Denote by $\mathbb{N}$ the set of positive integers. For every $n\in\mathbb{N}$ denote by $n\%10$ the remainder of the division of $n$ by $10$, i.e. $n%10$ is the unique number satisfying: $$ \begin{align} n\%10&\in\{0,1,2,\dots,9\},\\ n-(n\%10)&=0\mod10. \end{align} $$
We postulate that the infinite sequence $n = (n_1, n_2, \dots)$ satisfies: $$ \begin{align} n_1 &= 1,\\ n_2 &= 9,\\ n_3 &= 9,\\ n_4 &= 3, \end{align} $$ and for every $i\in\mathbb{N}_1$ $n_{i+4}$ is the unit digit in the decimal representation of the sum of the preceding $4$ components of $n$: $n_{i+4}=(n_i+n_{i+1}+n_{i+2}+n_{i+3})\%10$.
Is there some $i_0\in\mathbb{N}$ such that the following four equations hold? $$ \begin{align} n_{i_0}&=7,\\ n_{i_0+1}&=3,\\ n_{i_0+2}&=6,\\ n_{i_0+3}&=7. \end{align} $$
My attempts to solve the question
I computed $n_1$ to $n_{45}$: $$ \begin{align} n':=(&1,9,9,3,2,3,7,5,7,\\ &2,1,5,5,3,4,7,9,3,\\ &3,2,7,5,7,1,0,3,1,\\ &5,9,8,3,5,5,1,4,5,\\ &5,5,9,4,3,1,7,5,6), \end{align} $$ and I extended the sequence $(7,3,6,7)$ "backwards" to a total of 27 components: $$ \begin{align} m:=(&4,3,9,5,1,8,3,7,9,\\ &7,6,9,1,3,9,2,5,9,\\ &5,1,0,5,1,7,3,6,7). \end{align} $$
I was hoping this would enable me to solve the question by one of the following ways.
If it turned out that for some $i\in\{1,2,\dots,42\}$ $n'_i=m_1=4$, $n'_{i+1}=m_2=3$, $n'_{i+2}=m_3=9$, $n'_{i+3}=m_4=5$, then the answer to the original question would be: yes.

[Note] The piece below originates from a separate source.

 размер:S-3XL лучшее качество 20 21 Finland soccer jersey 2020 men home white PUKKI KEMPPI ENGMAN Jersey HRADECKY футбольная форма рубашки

However, this is not the case.
If I could identify a repeating pattern in $n'$ which didn't manifest in $m$, or vice versa, then the answer to the original question might be: no. However, I was unable to identify such patterns.

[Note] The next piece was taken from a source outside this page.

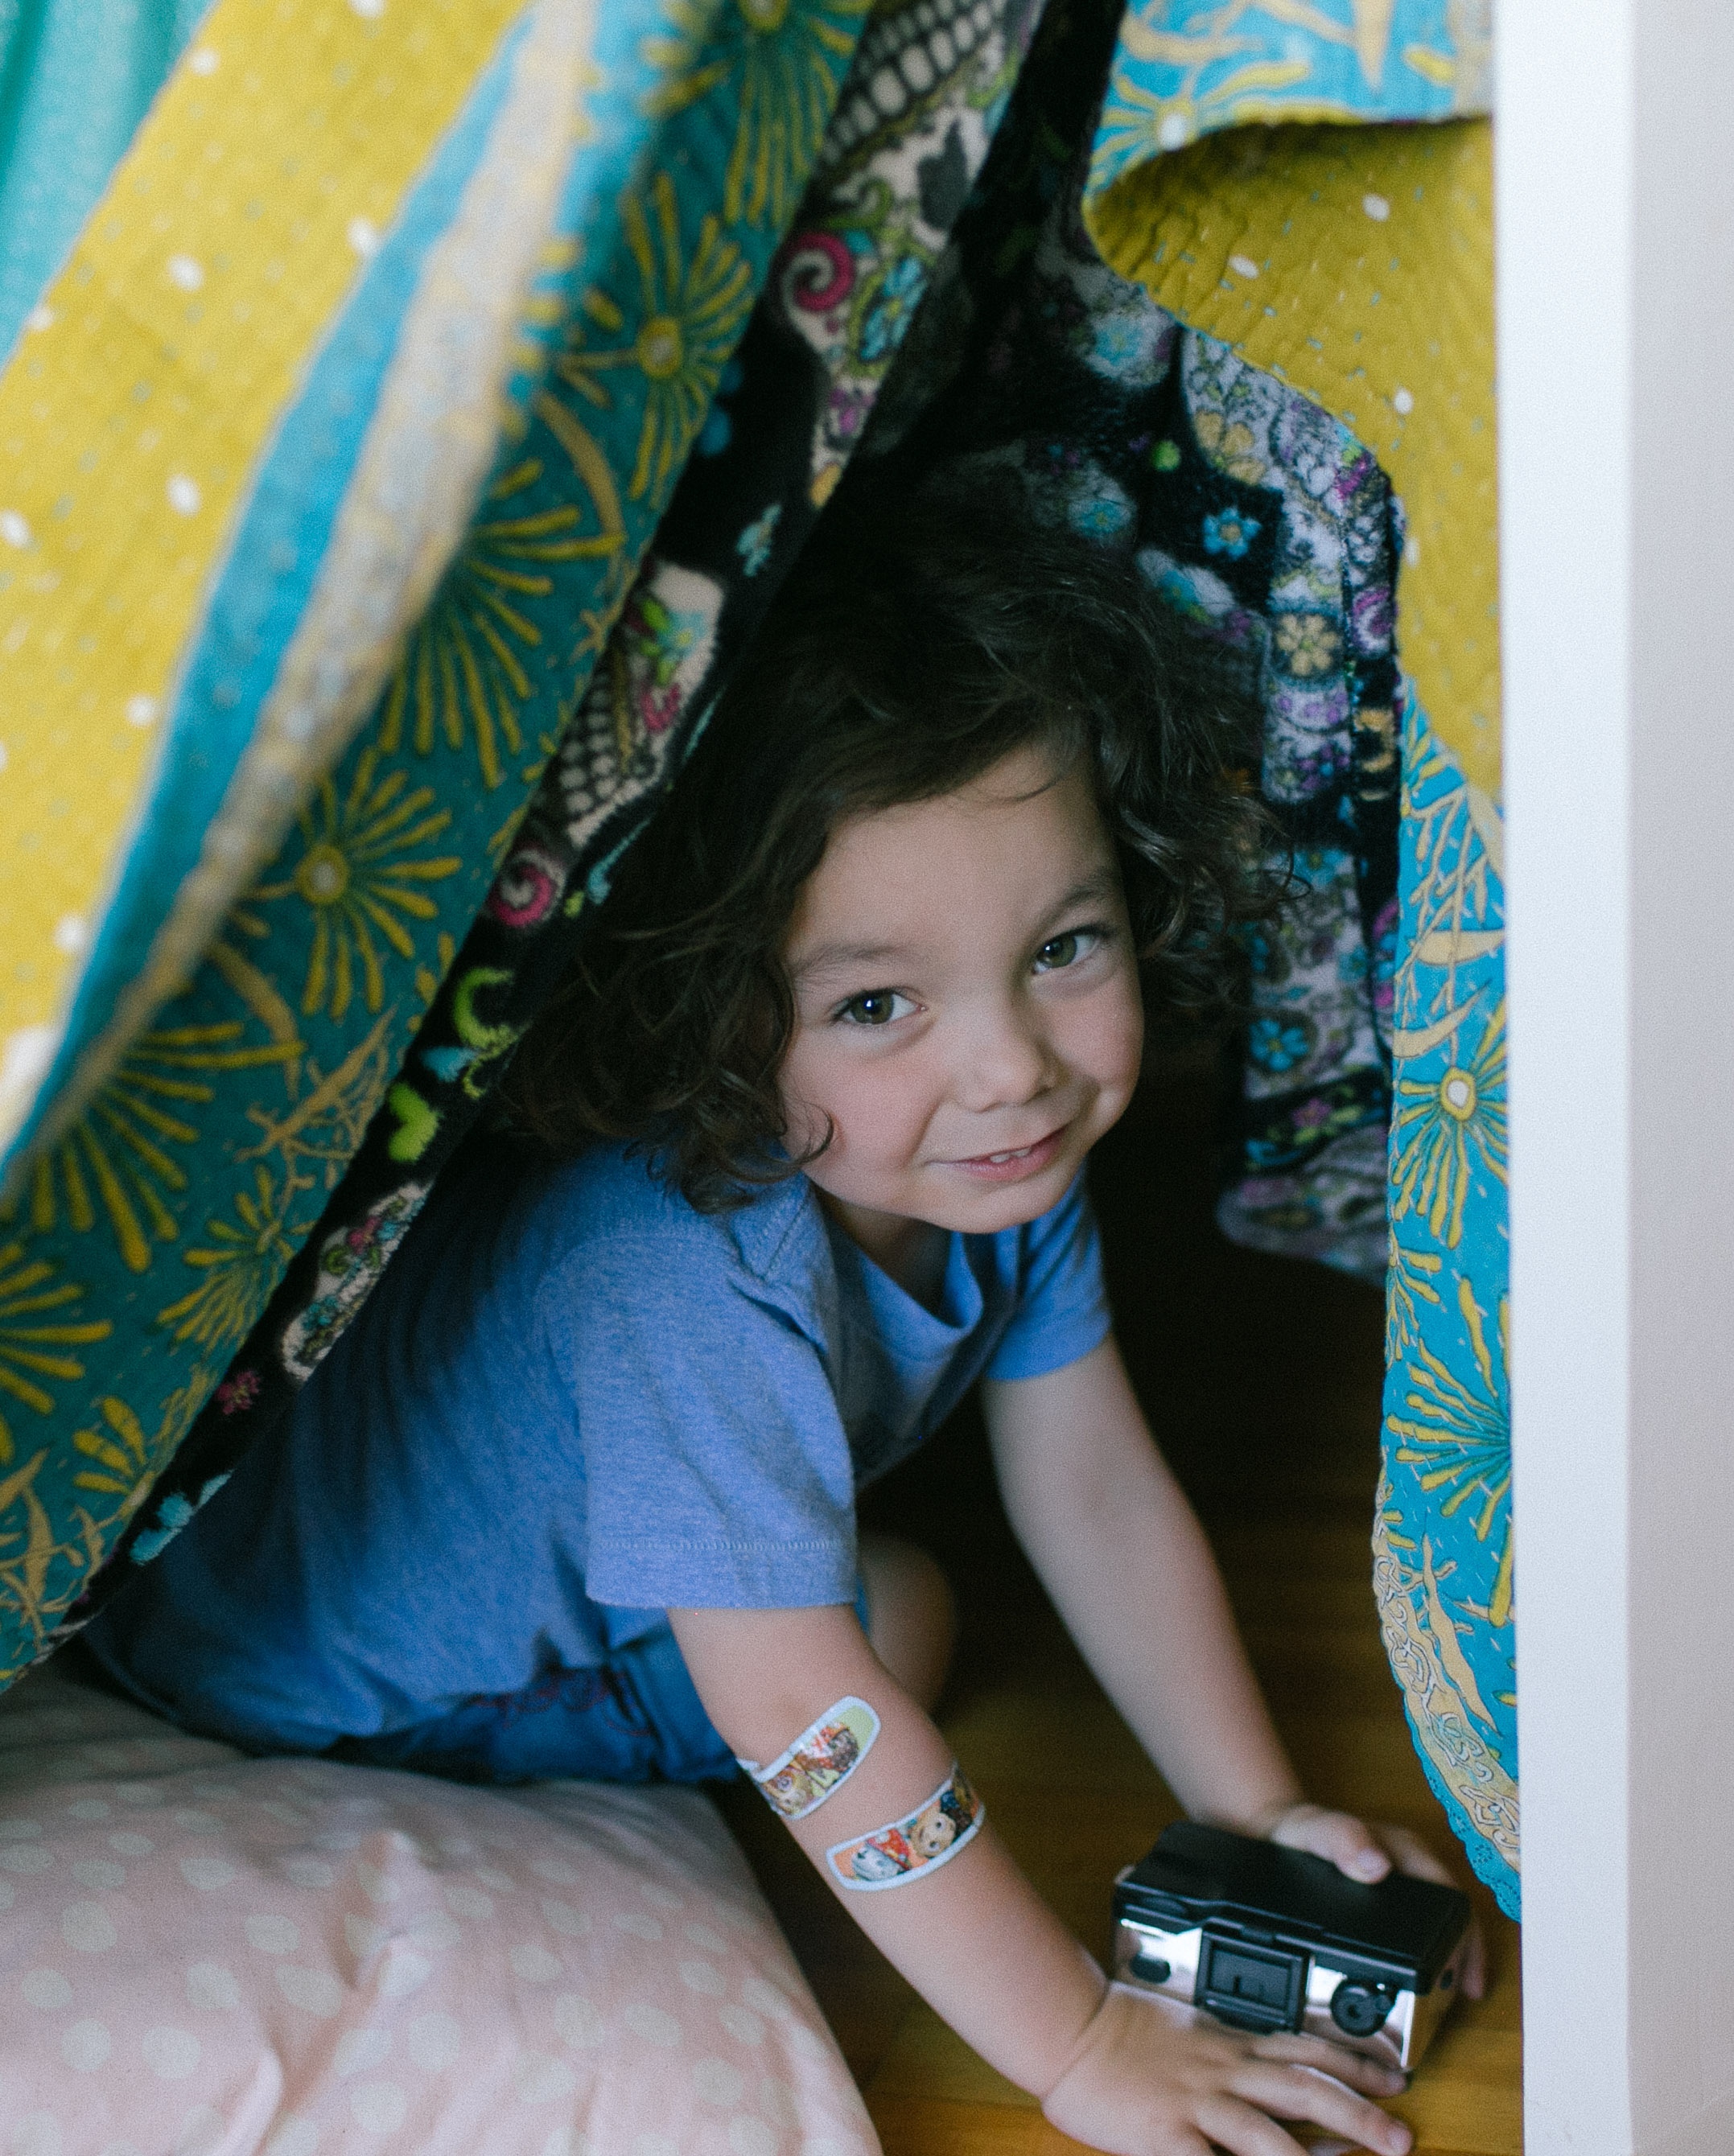 family portrait seattle photographer toddler kids bellevue lifestyle-7.jpg

If I could show that one of the digits $0, 1, \dots, 9$ didn't occur in $n'$, but occurred in $m$, or vice versa, then the answer to the original question might be: no. However, all the digits occur in both $n'$ and $m$.

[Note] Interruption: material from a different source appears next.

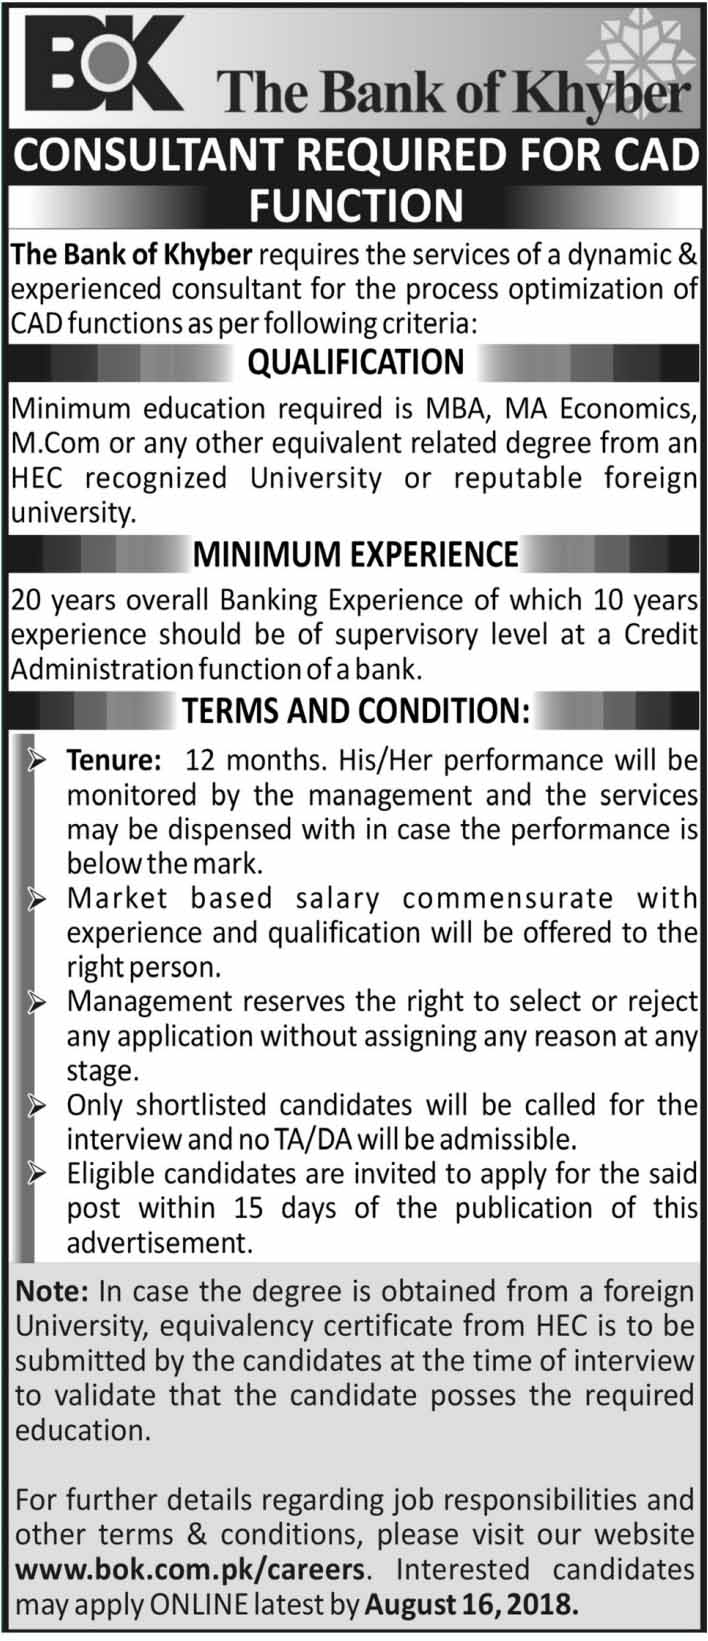 BOK the Bank of Khyber Latest Jobs 2018 Apply online-thumbnail

If I were able to prove that every possible quadruple $(a,b,c,d)\in\{0,1,2,\dots,9\}^4$ eventually occurs in either $(n_1,n_2,n_3,\dots)$ or $(\dots,m_{25},m_{26},m_{27})$ (the infinite extension of $m$ "backwards"), then the answer to the original question would be: yes. However, I wasn't able to prove this.